Gradient of a vector-valued function with respect to a matrix domain

56 Views Asked by At

I have a need to calculate the gradient of the following function $f:\mathbb{R}^{k\times m}\to\mathbb{R}^k$ given by $$f(A)=Ax,$$ for some fixed $x\in\mathbb{R}^m$. Using coordinates $A=A^i_jE_i^j, x=x^je_j$, we have that $$f^\lambda(A^i_j)=A^\lambda_jx^j,$$ and trivially $$\frac{\partial f^\lambda}{\partial A^\mu_\nu}=\frac{\partial}{\partial A^\mu_\nu}(A^\lambda_jx^j)=\delta^\lambda_\mu\delta_j^\nu x^j=\delta^\lambda_\mu x^\nu.$$ However, I'm not sure how to interpret the differential correctly. If we look at this slightly more abstractly, with the differential $df:T\mathbb{R}^{k\times m}\to T\mathbb{R}^k$, we see that for $v\in T\mathbb{R}^{k\times m}$ and $g\in C^\infty(\mathbb{R}^k)$ that \begin{align} df(v)[g]&=v[g\circ f]\\ &=v^i_j\frac{\partial g}{\partial y^\lambda}\frac{\partial f^\lambda}{\partial A^i_j} \end{align} and so \begin{align} df(v)&=v^i_j\frac{\partial f^\lambda}{\partial A^i_j}\frac{\partial}{\partial y^\lambda}\\ &=v^i_j\delta^\lambda_ix^j\frac{\partial}{\partial y^\lambda}\\ &=v^\lambda_jx^j\frac{\partial}{\partial y^\lambda}. \end{align}

Under more ideal settings, as with the case when $k=1$, we would define $\text{grad}(f)$ to be the unique vector field such that $$g(\text{grad}(f),v))=df(v)$$ for any $v\in T\mathbb{R}^{k\times m}$ where $g$ is the Frobenius inner product on $k\times m$-matrices (i.e., $g(A,B)=\text{tr}(A^TB)$) and we would conclude from the above calculations that $$\text{grad}(f)=x.$$ This however doesn't seem to generalize in any obvious way (to me at least). Am I missing something (or have an error) in the above computation?
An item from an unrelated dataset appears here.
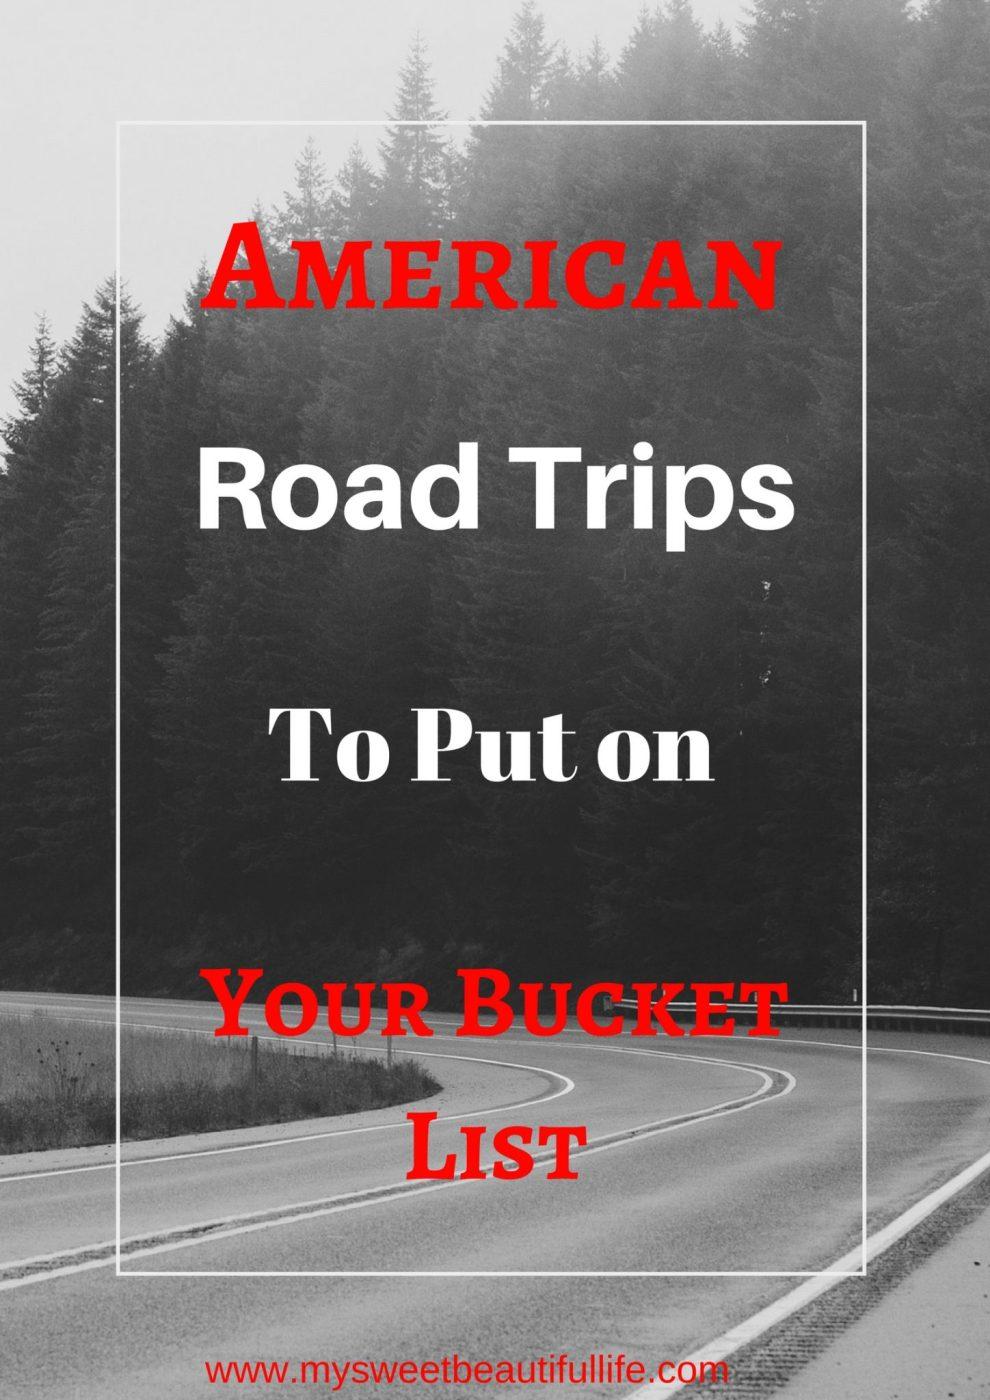 American Road Trips to Take #trips #roadtrips #travel #cartravel #roads #bucketlist #vacations #openroad
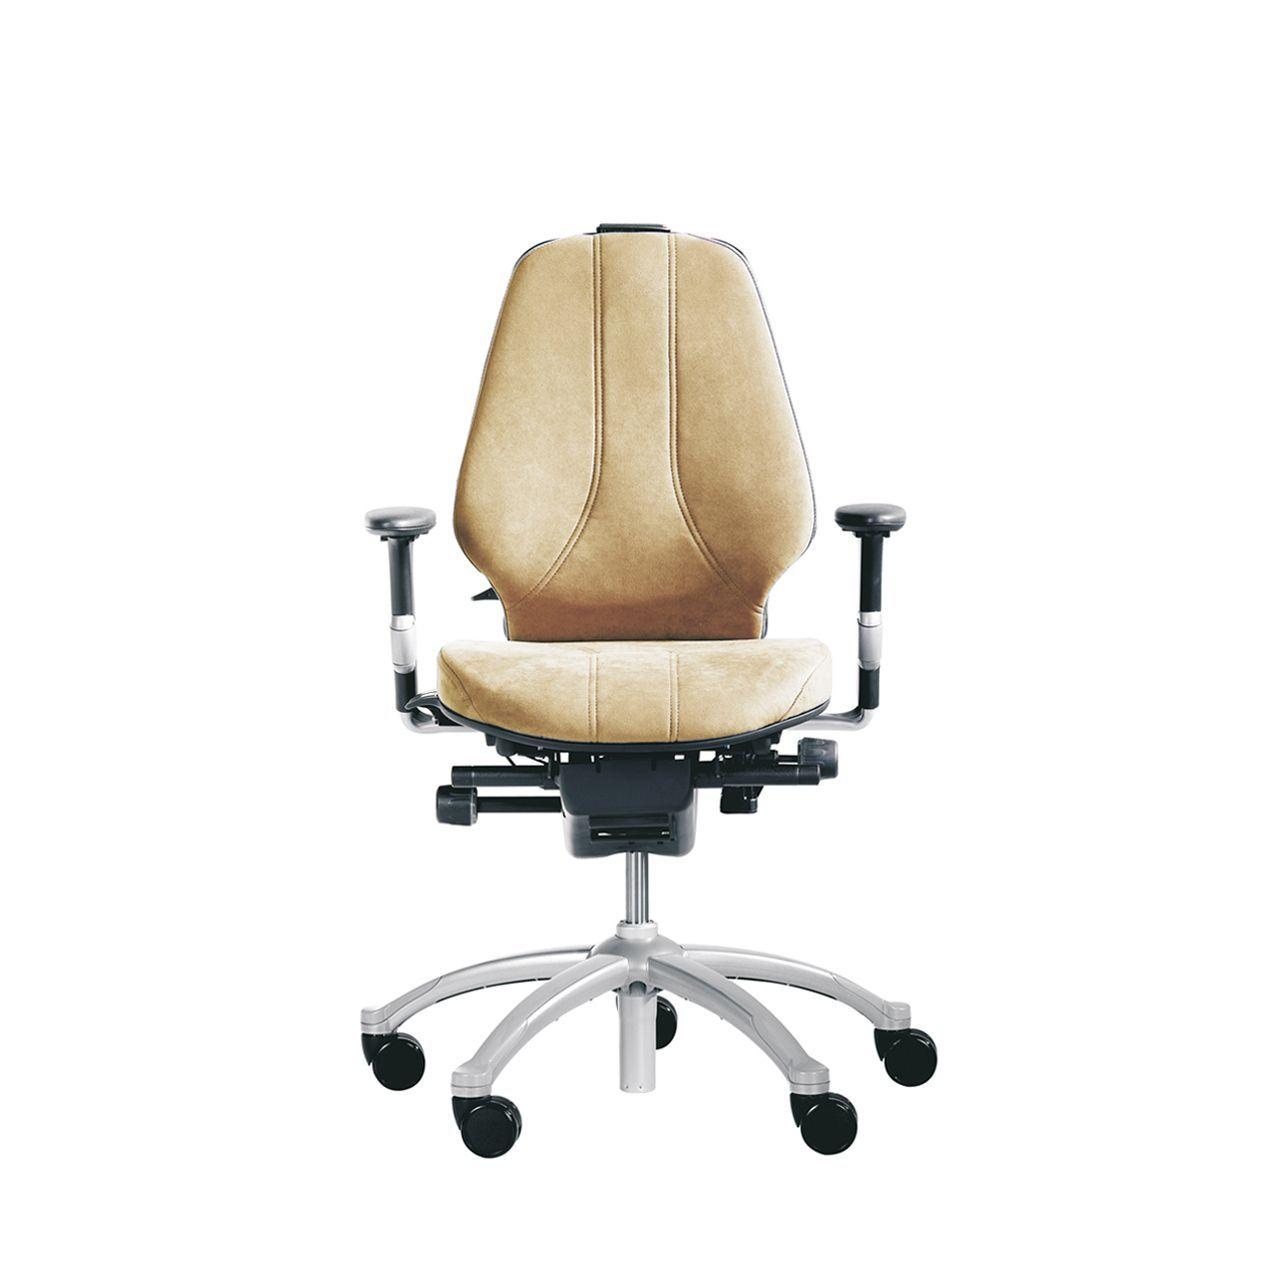 rh logic 300 xl bureaustoel STKALOG303 beige

If not, what would we conclude is the gradient of $f$?

1

There are 1 best solutions below

0
On

One possible solution is to consider the $k$th component of $f$ denoted $f_k=\mathbf{e}_k: \mathbf{Ax}$

It follows that the gradient of this component is the matrix $$ \frac{\partial f_k}{\partial \mathbf{A}} = \mathbf{e}_k \mathbf{x}^T $$ Indeed $f_k$ is only sensitive to elements in the $k$th row of $\mathbf{A}$.